Supplied information:
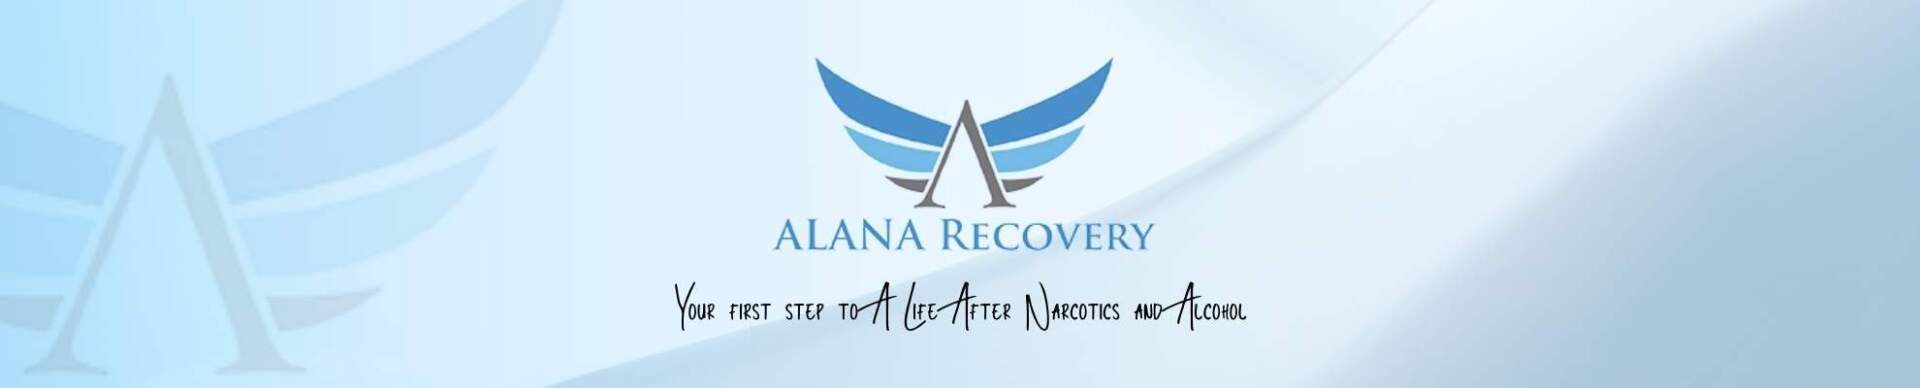 Atlanta-Recovery-Center
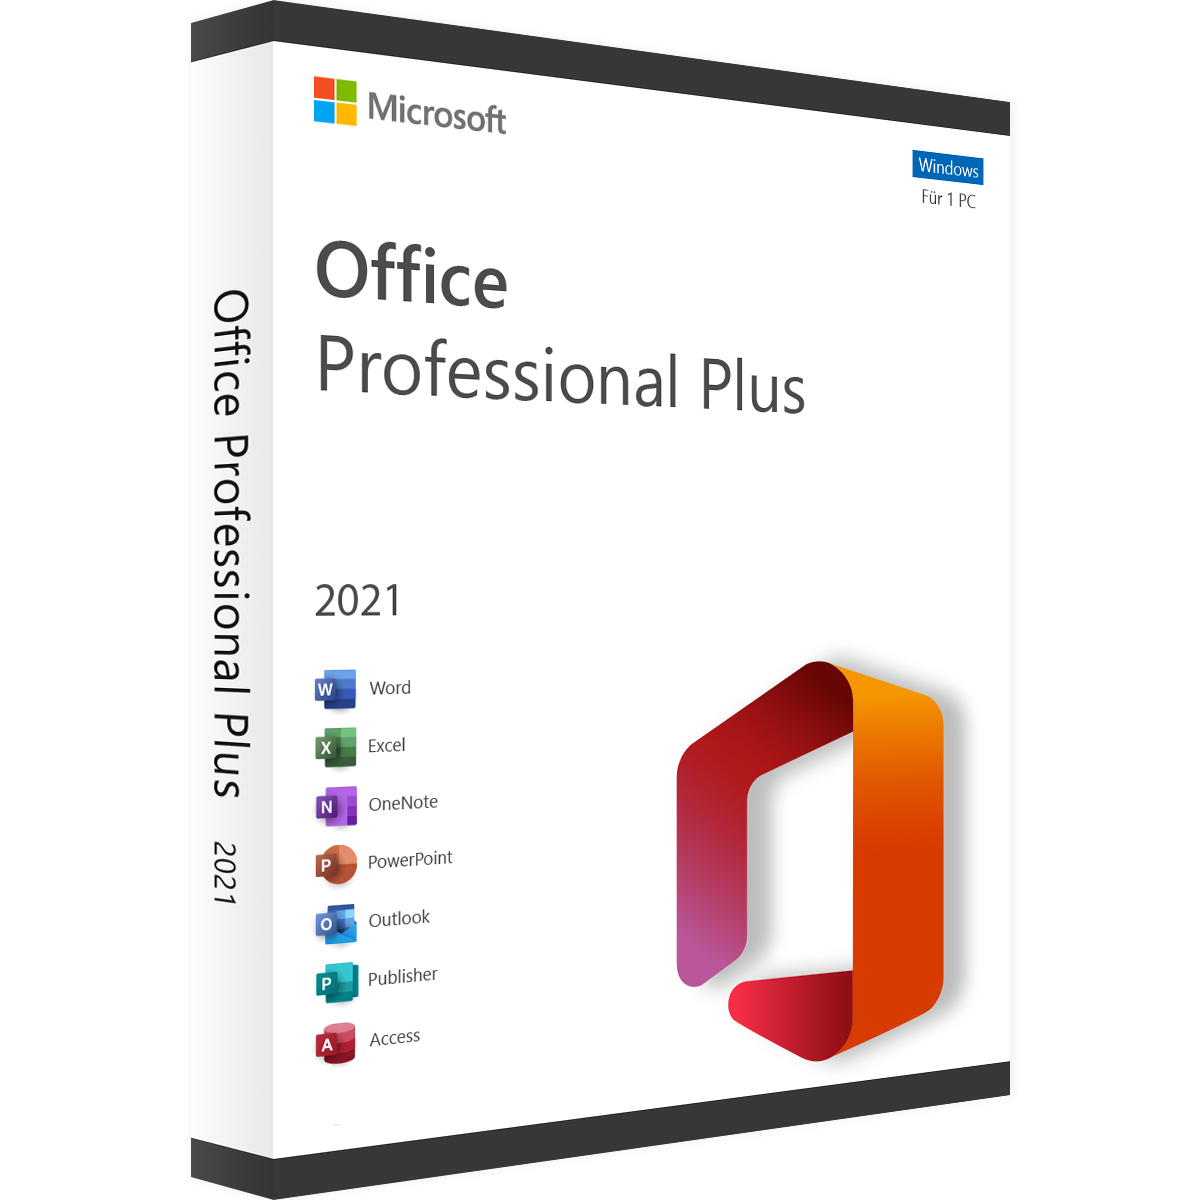 Microsoft Office 2021 Professional Plus - Produktschlüssel - Vollversion - Sofort-Download - 1 PC von Microsoft
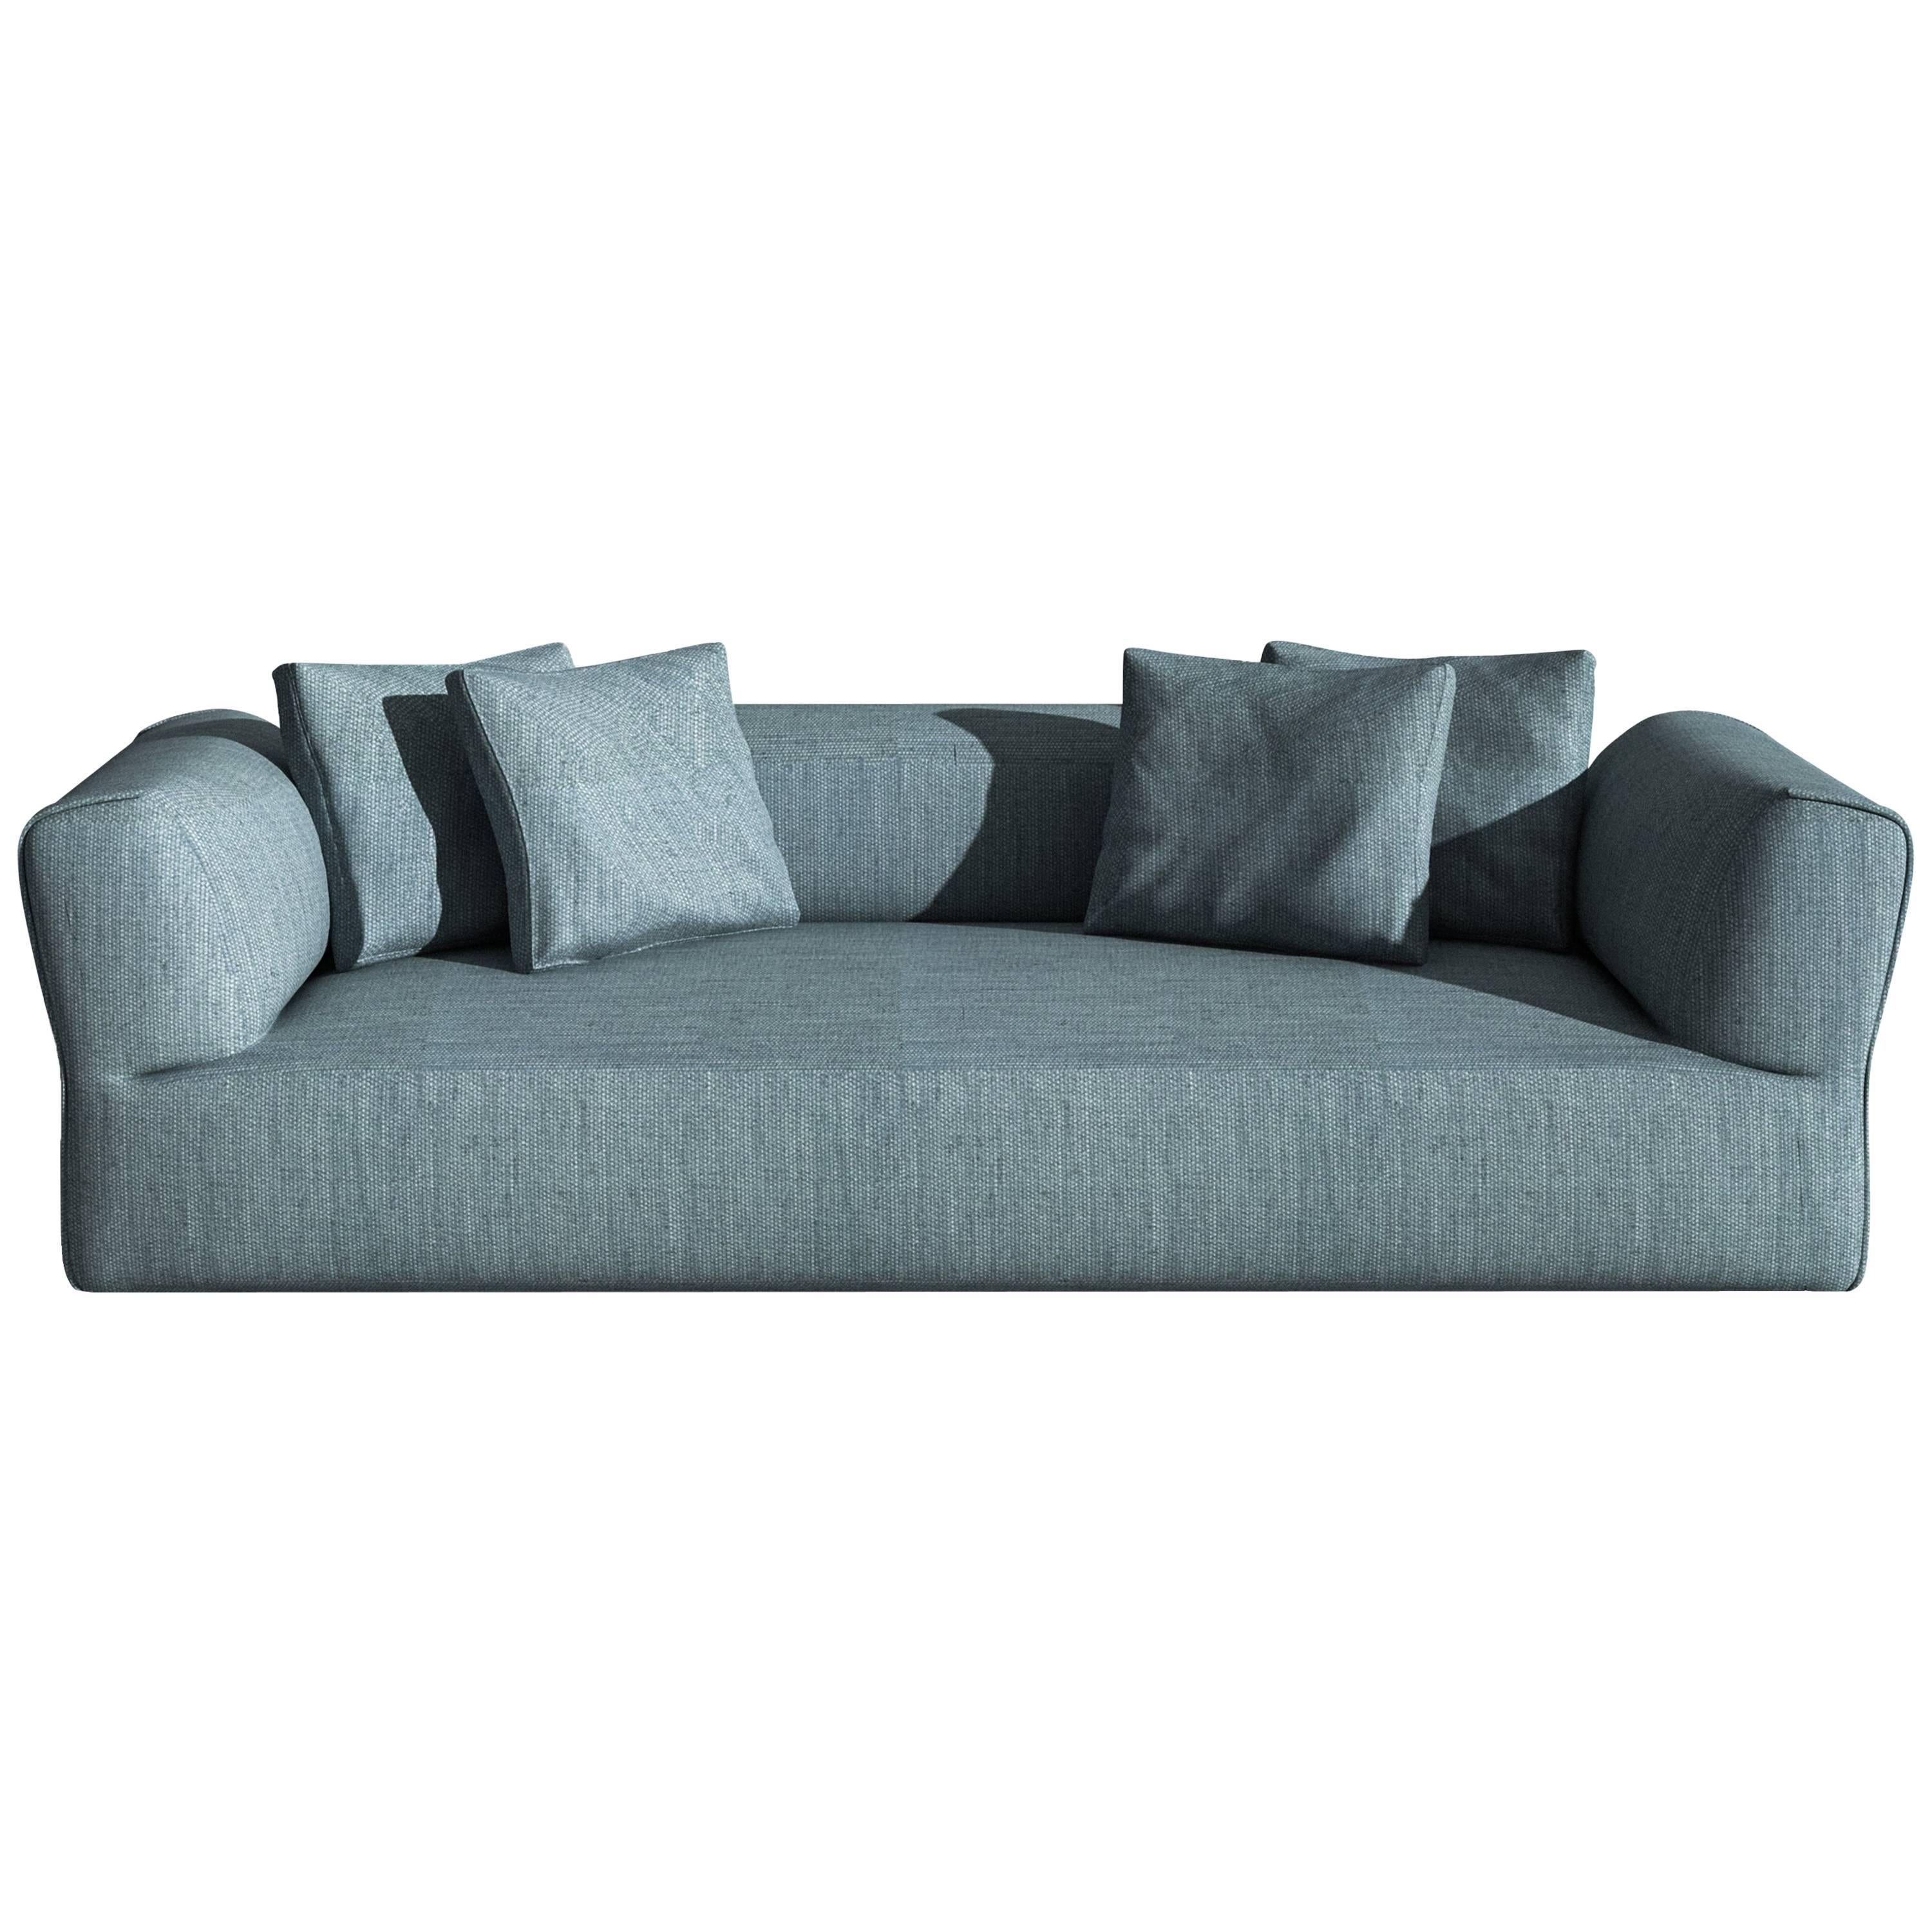 Dreisitziges, sechssitziges Sofa "Rever" von Roberto Palomba Driade, 2017

Problem:
Set the listing down verbatim, excluding pictures.

Solution to this exercise:
 Atlanta-Recovery-Center
 Microsoft Office 2021 Professional Plus - Produktschlüssel - Vollversion - Sofort-Download - 1 PC von Microsoft
 Dreisitziges, sechssitziges Sofa "Rever" von Roberto Palomba Driade, 2017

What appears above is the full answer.